_PROBLEM TO WORK ON_. Take from the entries below the stretch from the line with "Socrates: The true" through the line with "Spinach Paneer Dosa Pizza served on a plate", and return it exactly, leaving the pictures out.

_SOURCE DATA_.

- Opening Delimiter -

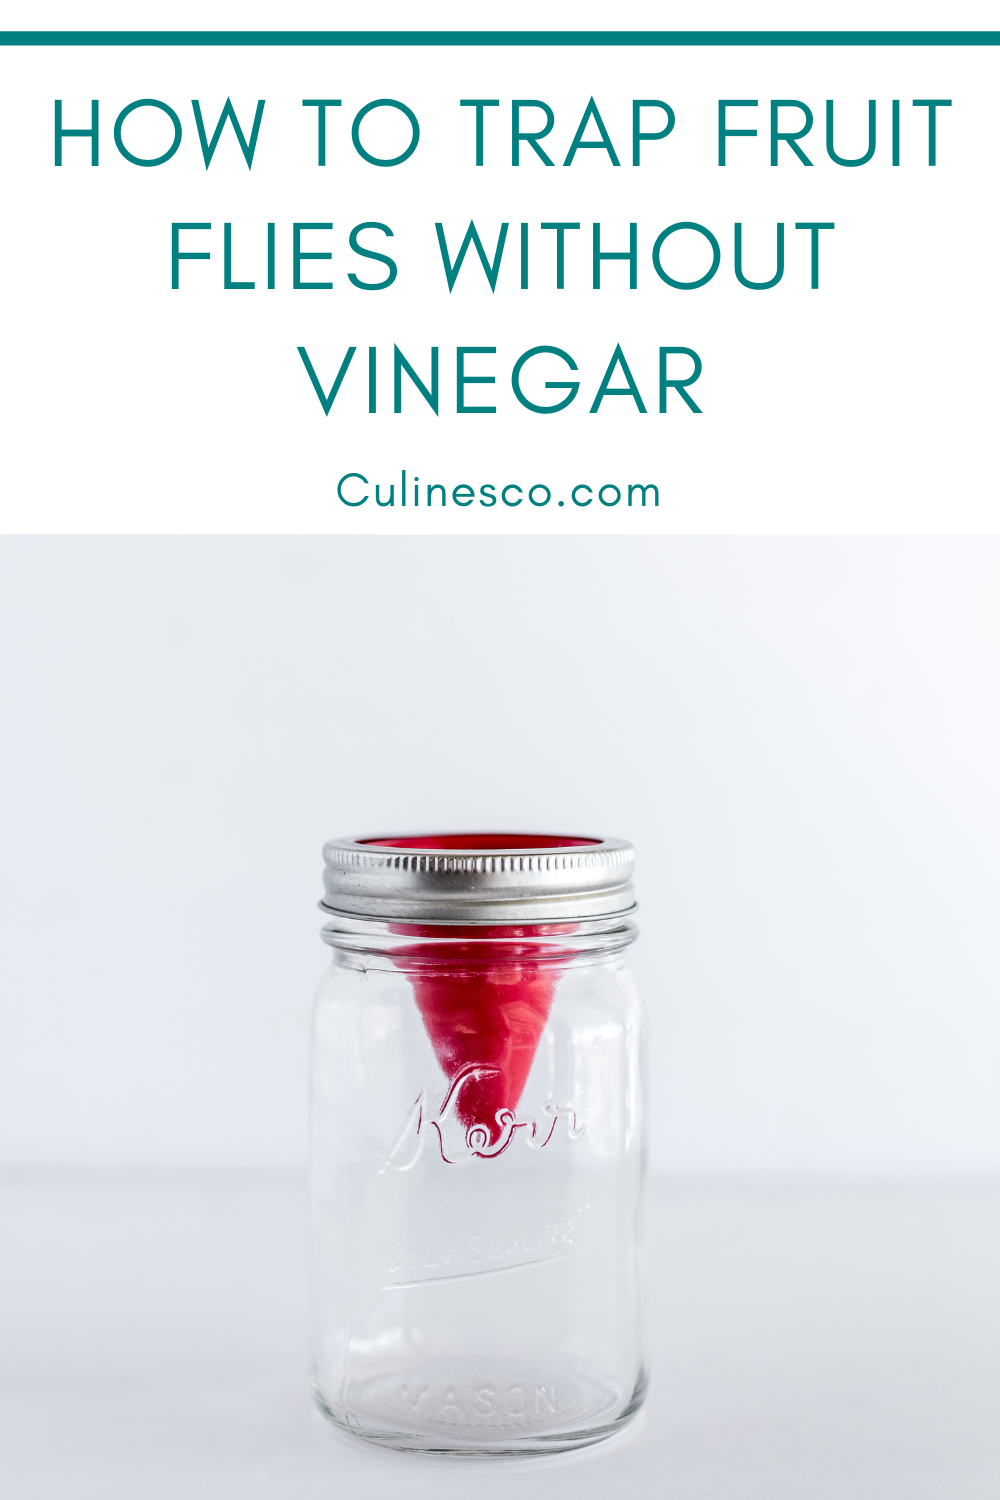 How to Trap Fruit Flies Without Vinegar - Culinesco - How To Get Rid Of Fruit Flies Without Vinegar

- Closing Delimiter -
- Opening Delimiter -

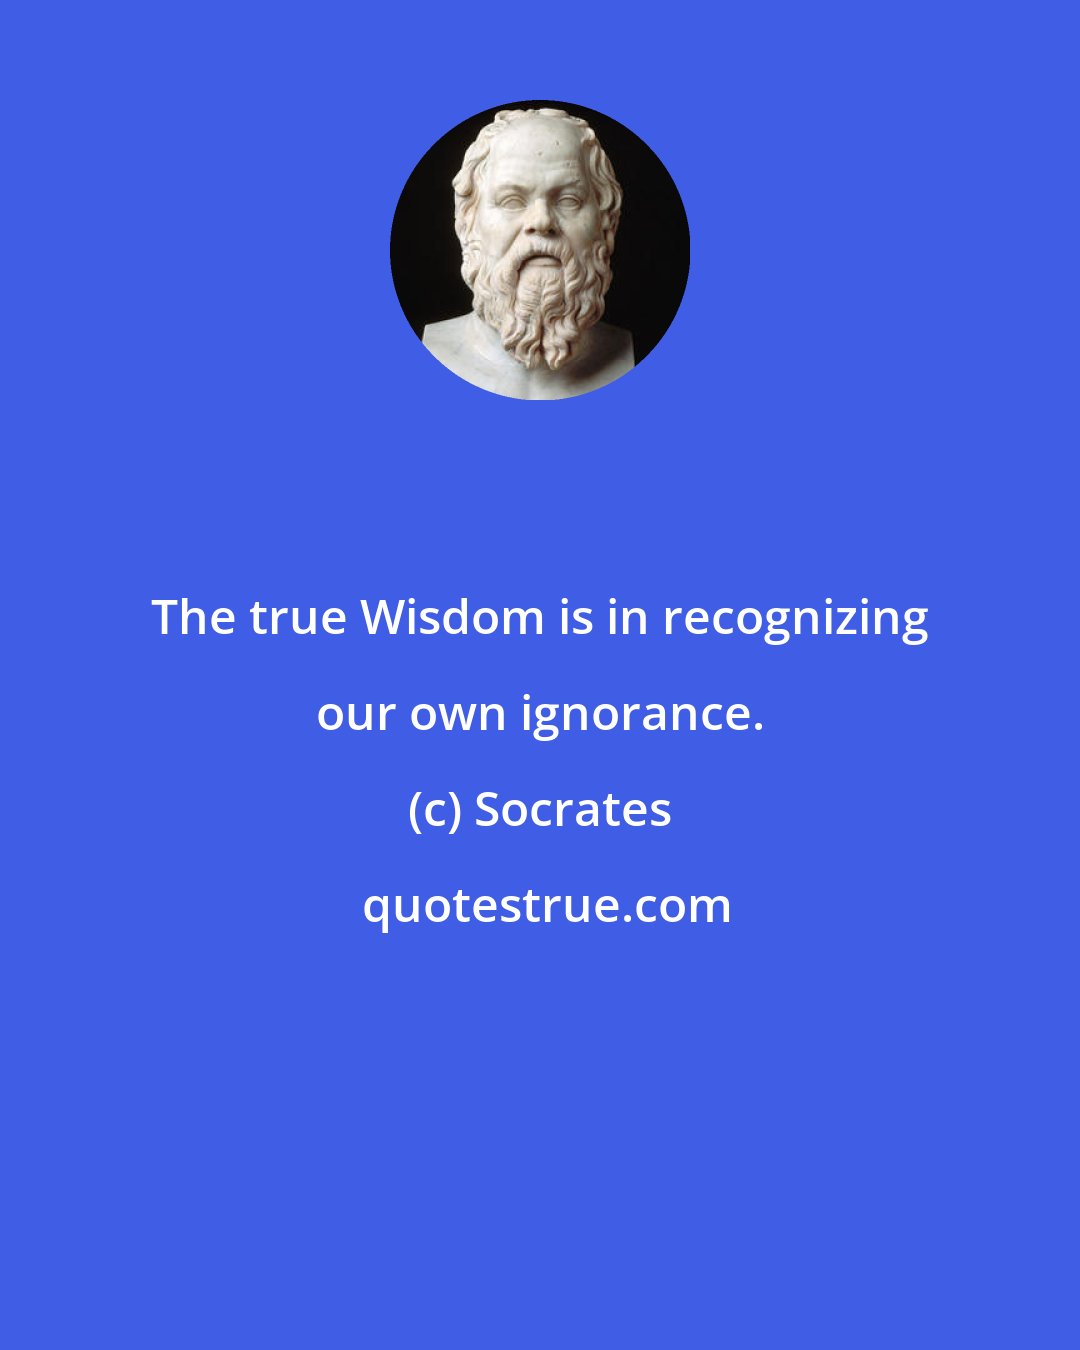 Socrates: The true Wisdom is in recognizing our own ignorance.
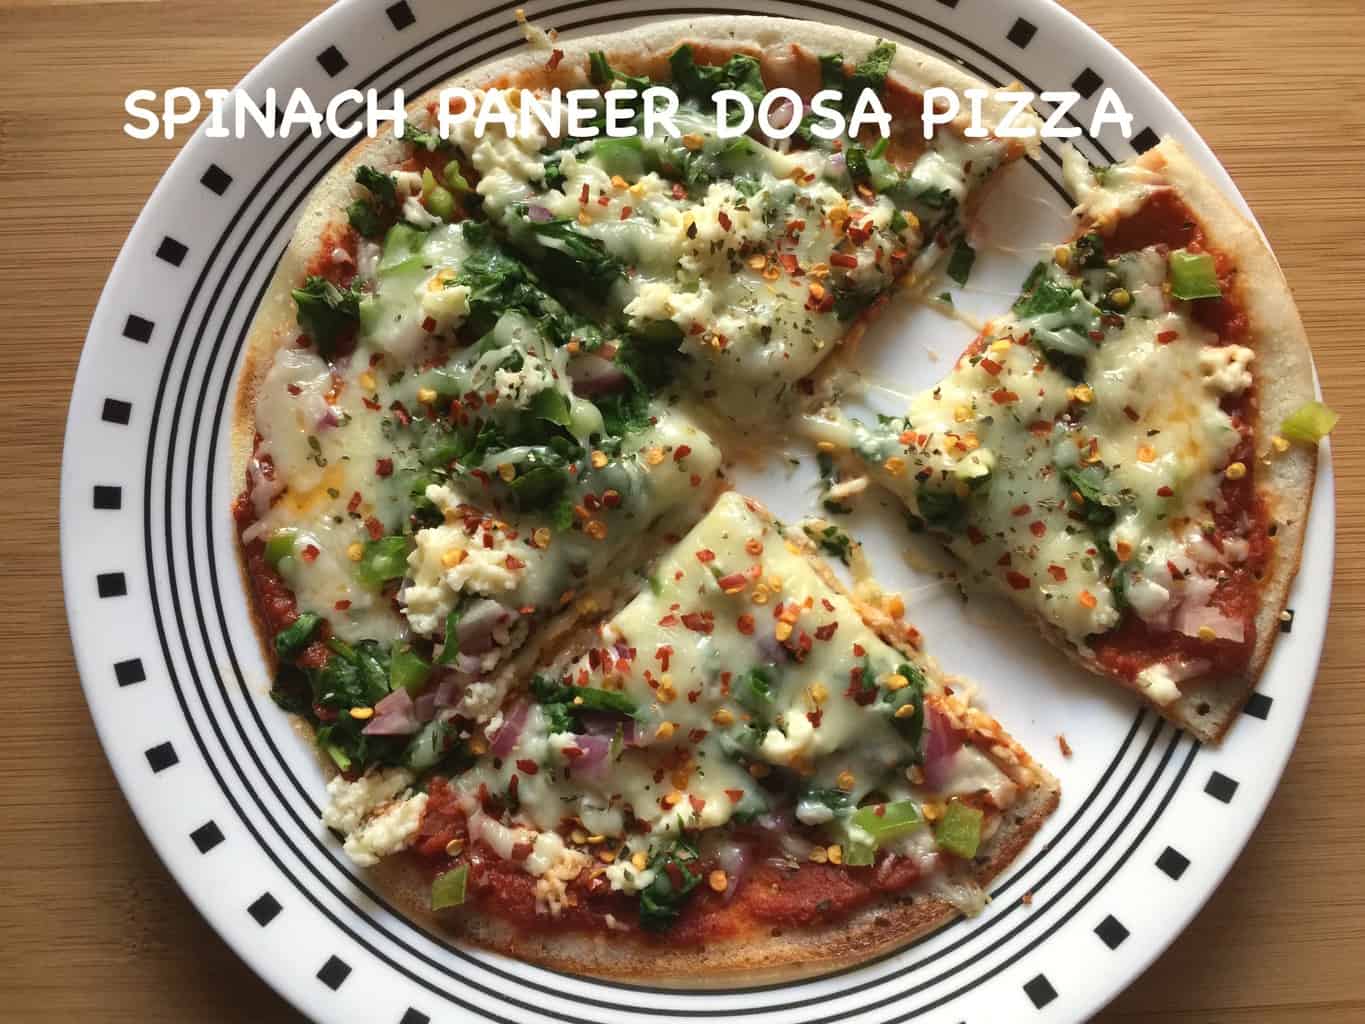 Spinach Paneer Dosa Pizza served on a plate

- Closing Delimiter -

_RESULT_.
 Socrates: The true Wisdom is in recognizing our own ignorance.
 Spinach Paneer Dosa Pizza served on a plate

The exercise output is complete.